Alanın sınırlı olduğu birçok dizüstü bilgisayar, tablet ve kompakt cihazda 2280 SSD kullanmak sakıncalı olabilir. Örneğin, 298x117x49 mm ölçülerindeki Steam Deck konsolunda M.2 2280 yuvası çok büyük ve bu tür birkaç cihazı içine yerleştirmek sorunlu hale geliyor. Ayrıca küçük dizüstü bilgisayarların ve mini bilgisayarların ortaya çıkmasıyla birlikte M.2 2280 formatının kompakt boyutları nedeniyle gereksiz olduğu ortaya çıktı.

Bu sorun gözden kaçmadı ve 30 mm'nin standart 2280'in yarısı uzunlukta olduğu M.2 2230 formatındaki SSD'lerin ortaya çıkışı, daha kompakt cihazlara yönelik taleplere bir yanıt oldu. Bu SSD'ler tamamen işlevseldir ve her milimetrenin önemli olduğu mobil cihazlar için uygundur.
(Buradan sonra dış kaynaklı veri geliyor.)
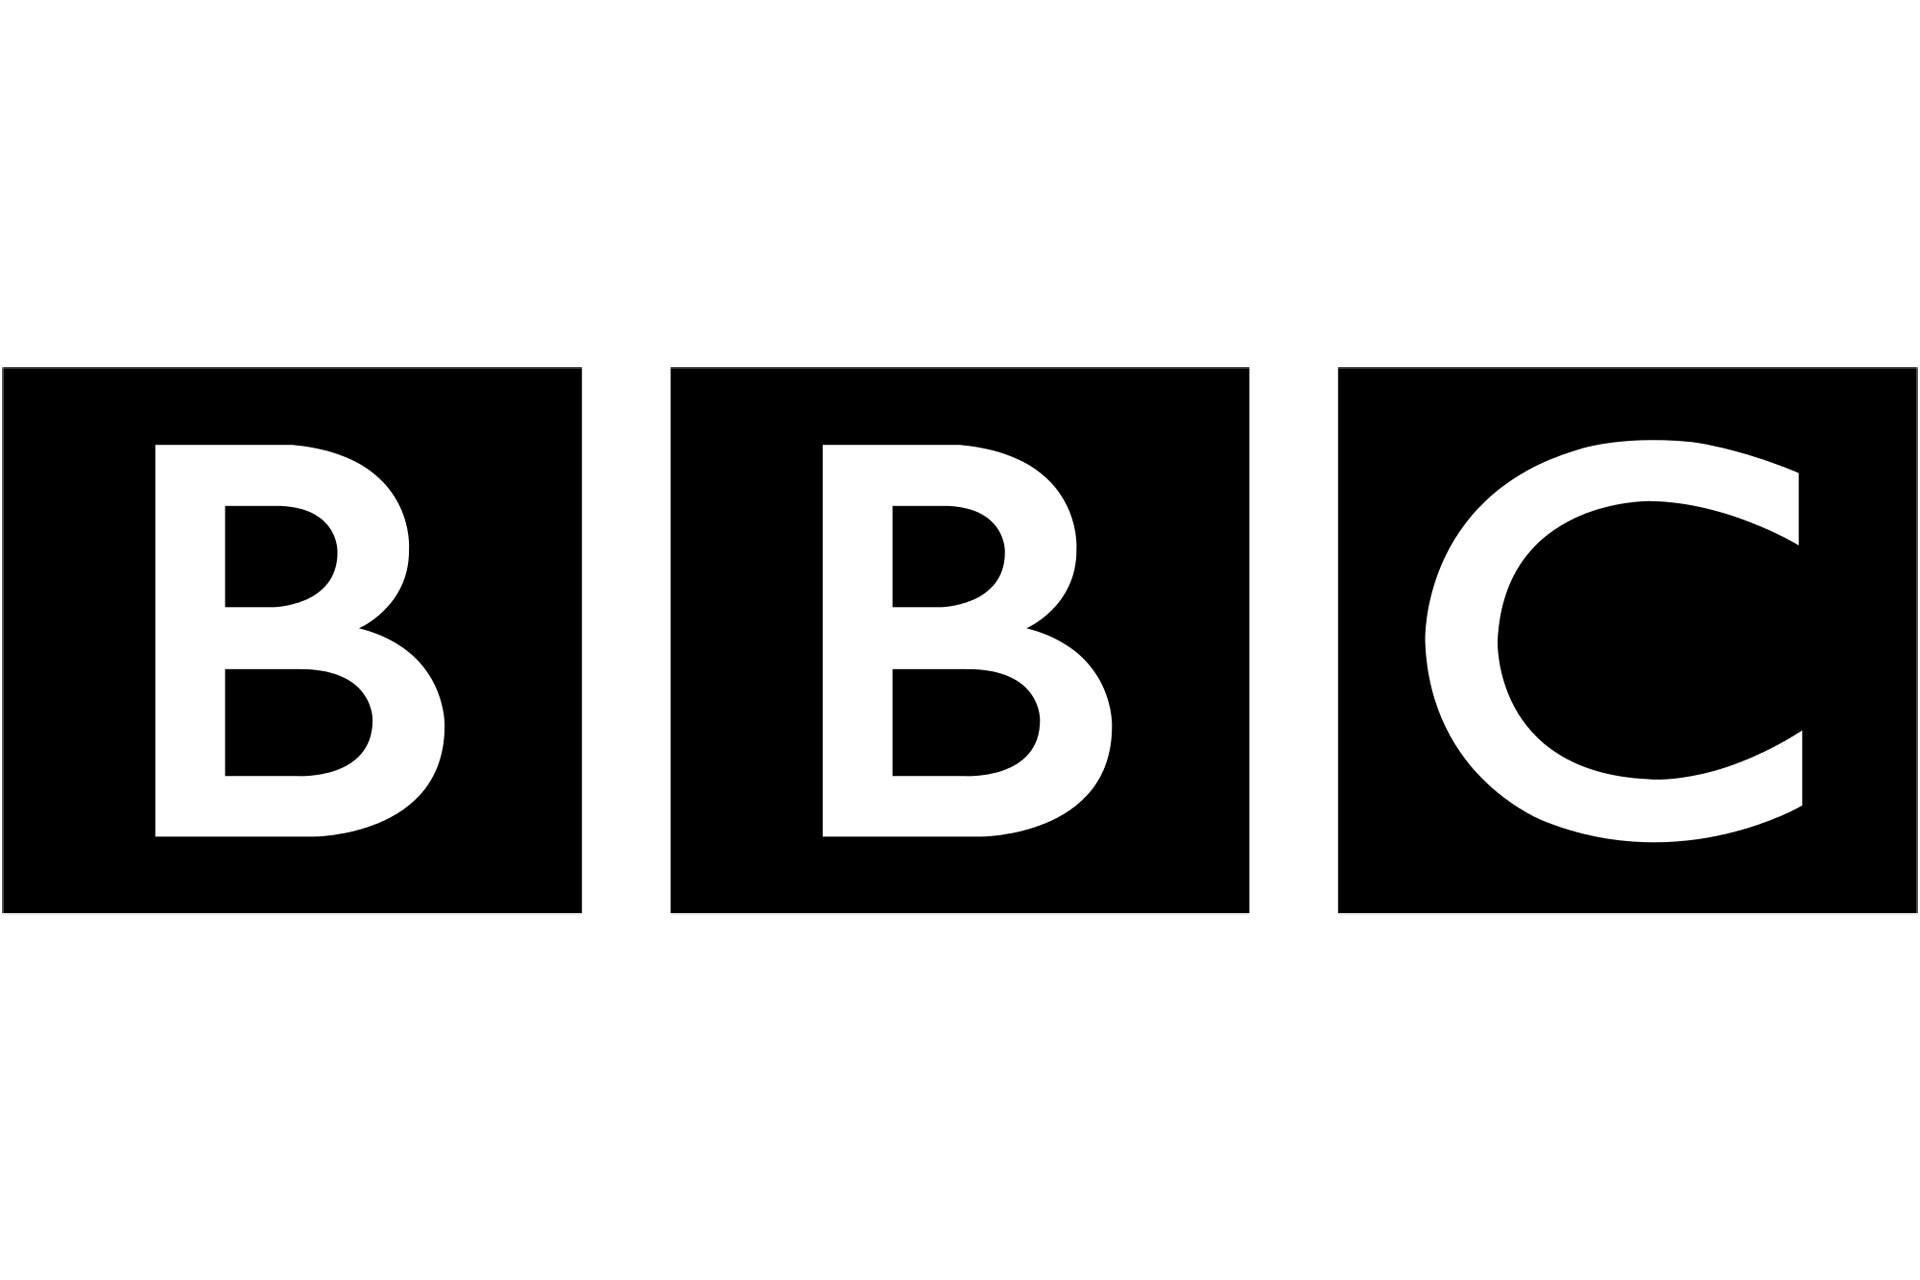 BBC_3.jpg

Bu tür sürücüler, M.2 2280 yuvasının çok büyük olduğu cihazlar için mükemmel bir çözüm olabilir ve aynı zamanda veri depolamak ve uygulamaları çalıştırmak için gerekli tüm işlevleri sağlar.
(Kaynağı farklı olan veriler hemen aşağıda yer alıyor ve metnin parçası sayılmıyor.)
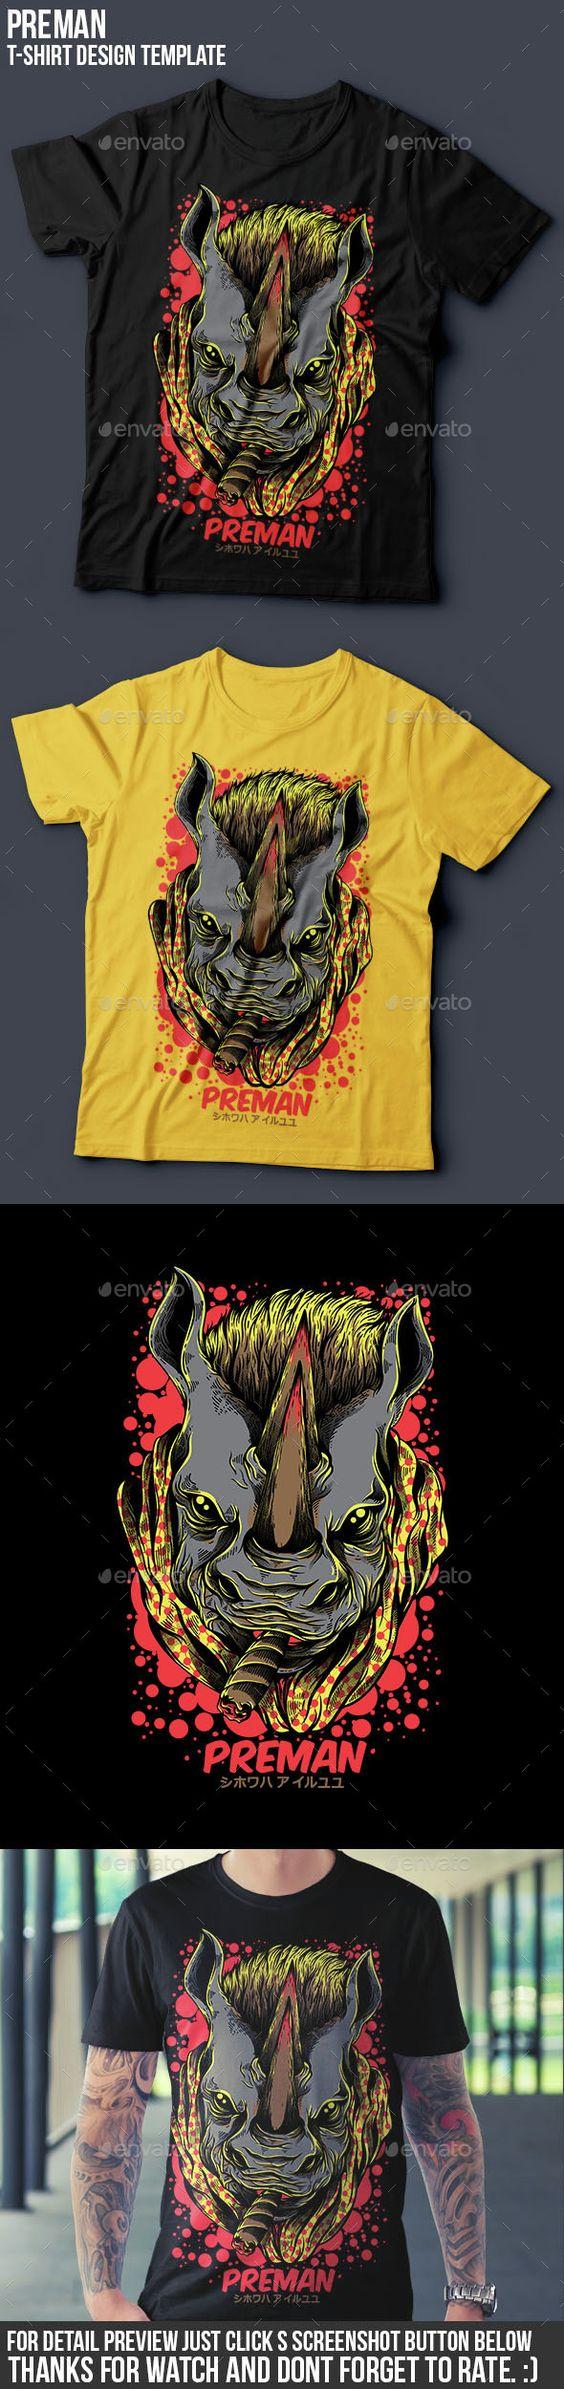 Shirt design resolution - Preman T Shirt Design Funny Designs

Ve bugün TeamGroup SSD'ye yaklaşan değişikliklerin karakteristik temsilcilerinden biri olarak bakacağız. İlk bakışta şirket pek fazla tanınmıyor ve pazardaki daha ünlü rakiplerin gölgesinde faaliyet gösteriyor. Ancak denetleyici üreticileri, bellek üreticileri ve pazara hazır sürücüler sağlayanlar arasındaki karmaşık ilişkiler göz önüne alındığında, resim bu kadar basit olmayabilir.

TeamGroup MP44S 2 TB

Bu formatla daha önce karşılaşmamış olanlar, kompaktlığı karşısında şaşırabilirler. Bu bizim ilk deneyimimiz değil, bu yüzden sadece dış izlenim değil, aynı zamanda iç yapı da ilginçti. Geçen yaz Maxio MAP1602 denetleyici ve 128 katmanlı YMTC TLC belleğe sahip MP44L'yi inceledik ve etkilendik. Bu sürücünün aynı denetleyiciye sahip ancak 232 katmanlı belleğe (yakın zamanda incelenen Digma Meta M6'da bulunana benzer) sahip olan ve daha da hızlı olmayı vaat eden daha büyük bir kardeşi MP44 var. Team, diğer birçok üreticinin aksine, platformun yeteneklerinden tam olarak yararlanıyor, hatta bu hatta 8 TB'lık modifikasyonlar bile sunuyor; bu son zamanlarda inanılmaz görünen bir şey. MP44S de 800 doların üzerinde bir fiyatla satılıyordu, şimdi 1000 doların üzerine bile çıktı ama muhtemelen almaya hazır olanlar olacaktır. Ancak MP44'ün her iki versiyonunun da (MAP1602 ve TLC) bizi daha çok ilgilendirdiğini belirtmek bizim için önemli. Kısa MP44S'nin içinde ne var?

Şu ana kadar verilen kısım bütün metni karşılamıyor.